### WORK REQUEST
Keep the images out while you retype all of the data exactly.

### SOURCE DATA
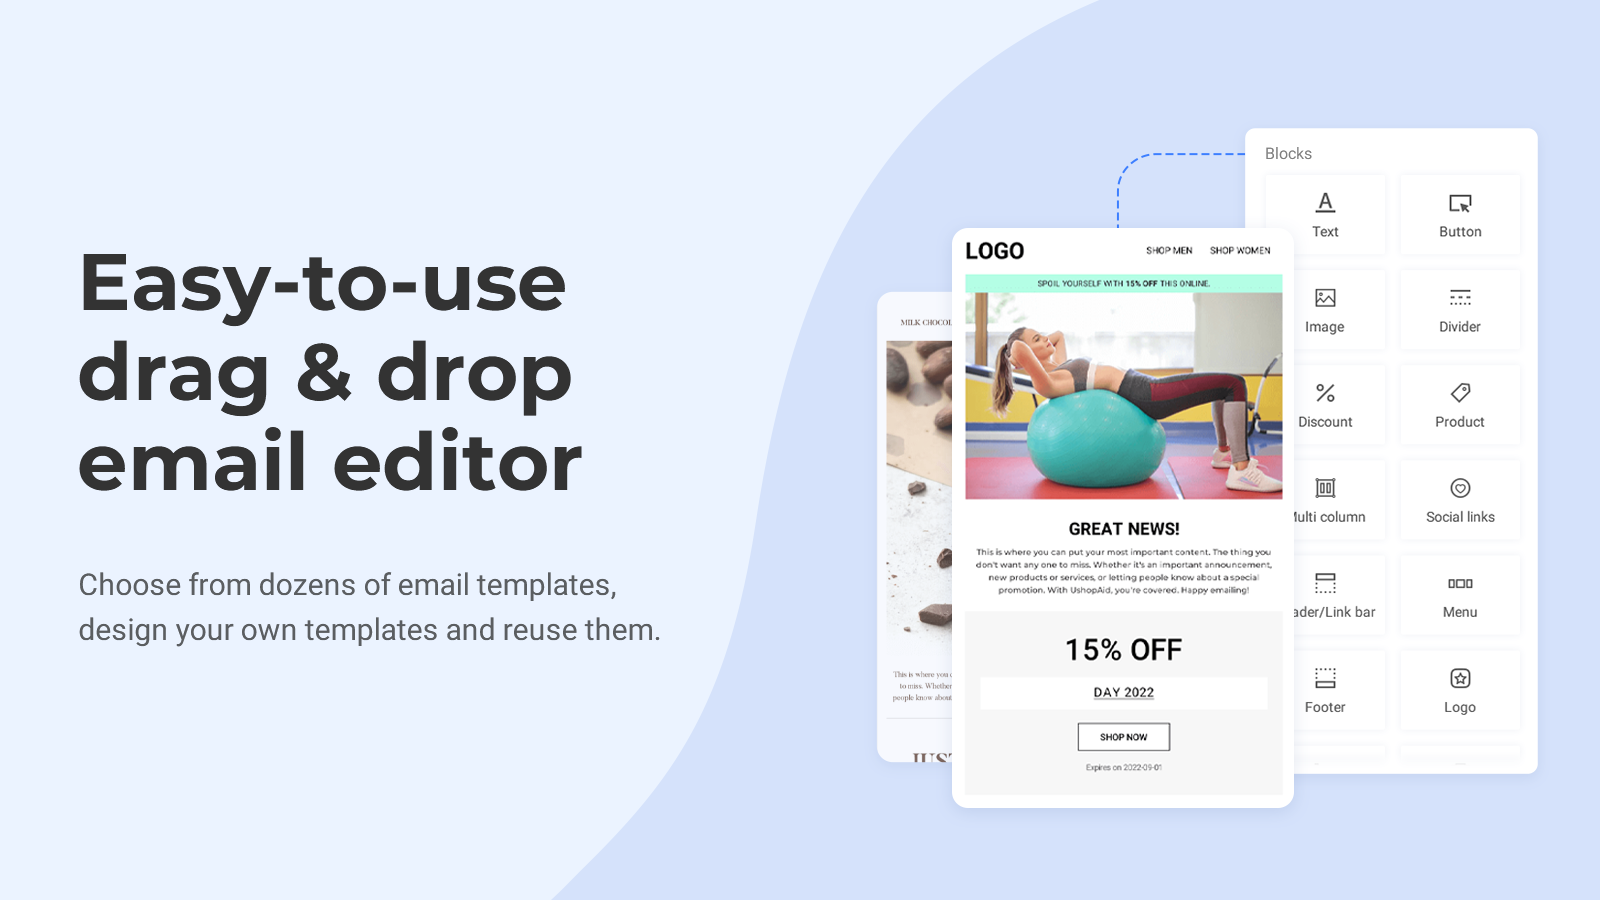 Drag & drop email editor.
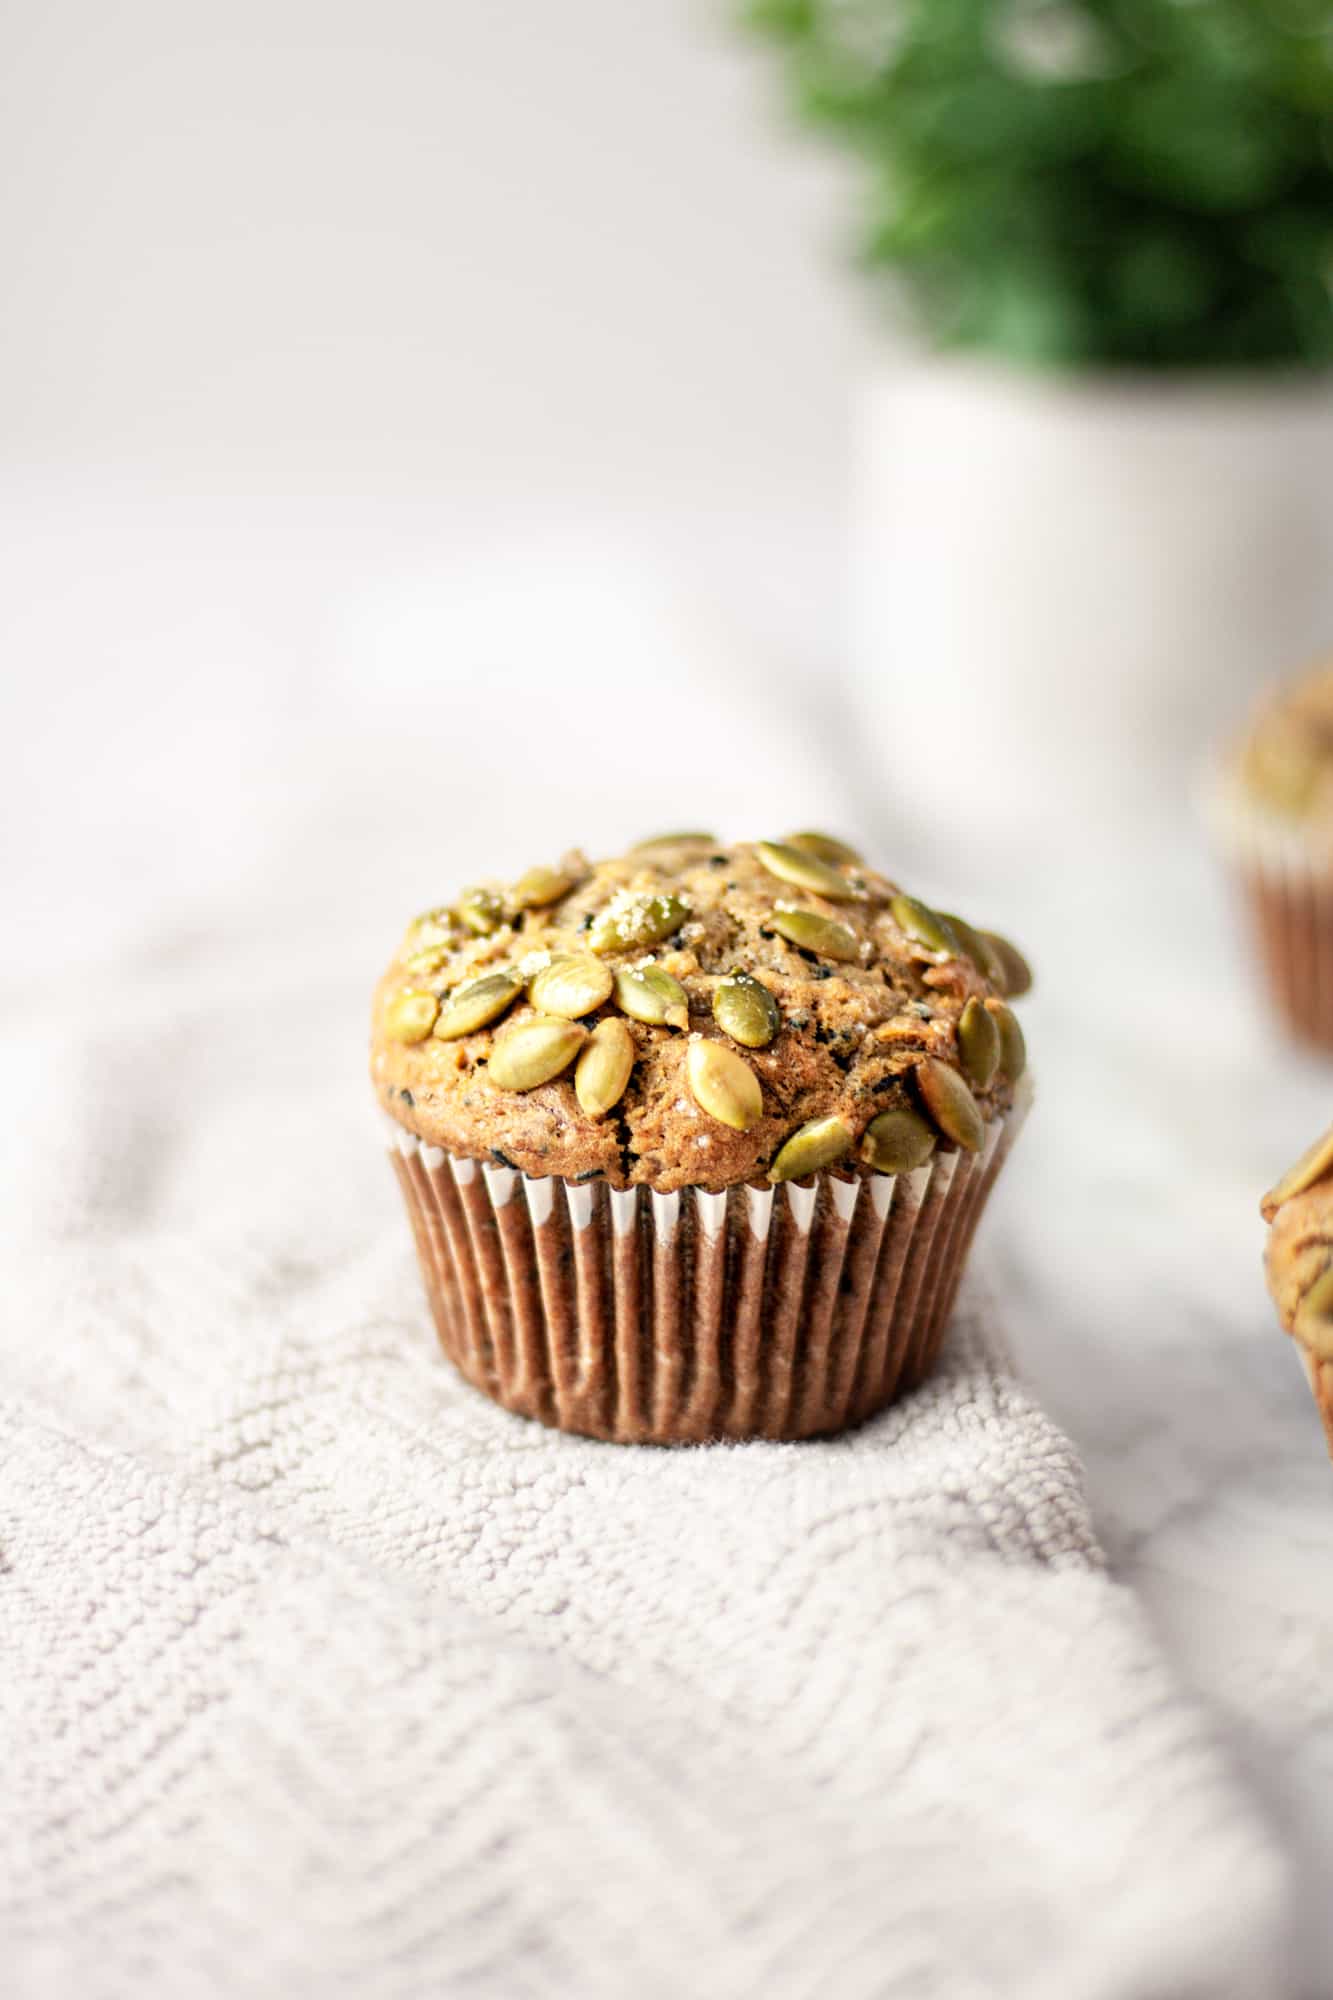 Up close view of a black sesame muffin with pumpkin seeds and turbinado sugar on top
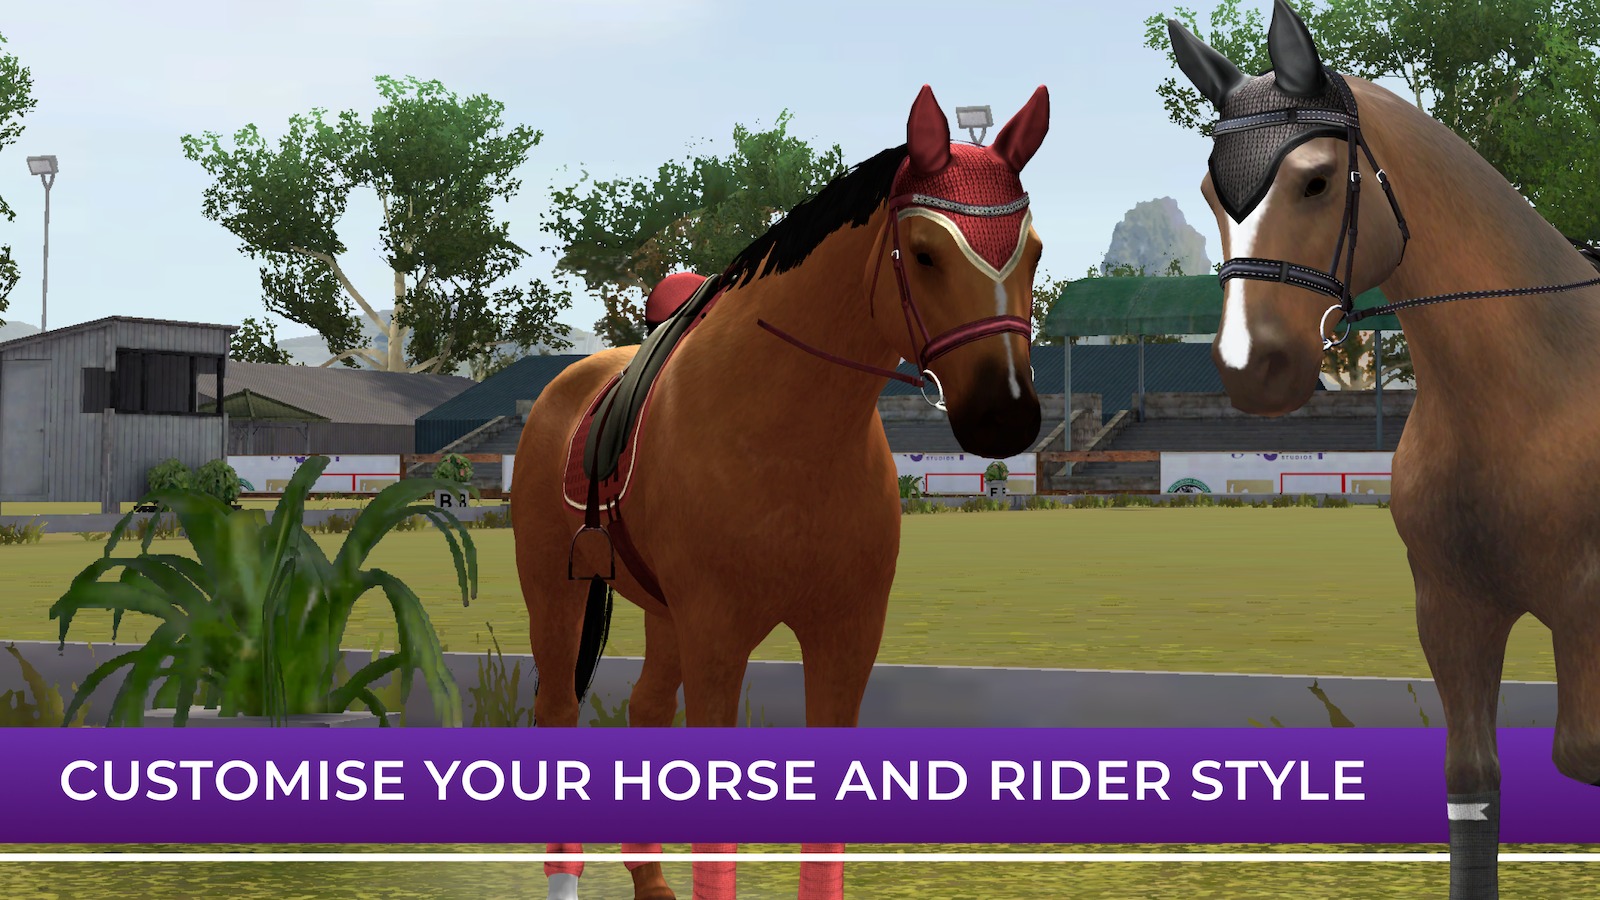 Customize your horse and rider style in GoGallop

### EXERCISE OUTPUT
 Drag & drop email editor.
 Up close view of a black sesame muffin with pumpkin seeds and turbinado sugar on top
 Customize your horse and rider style in GoGallop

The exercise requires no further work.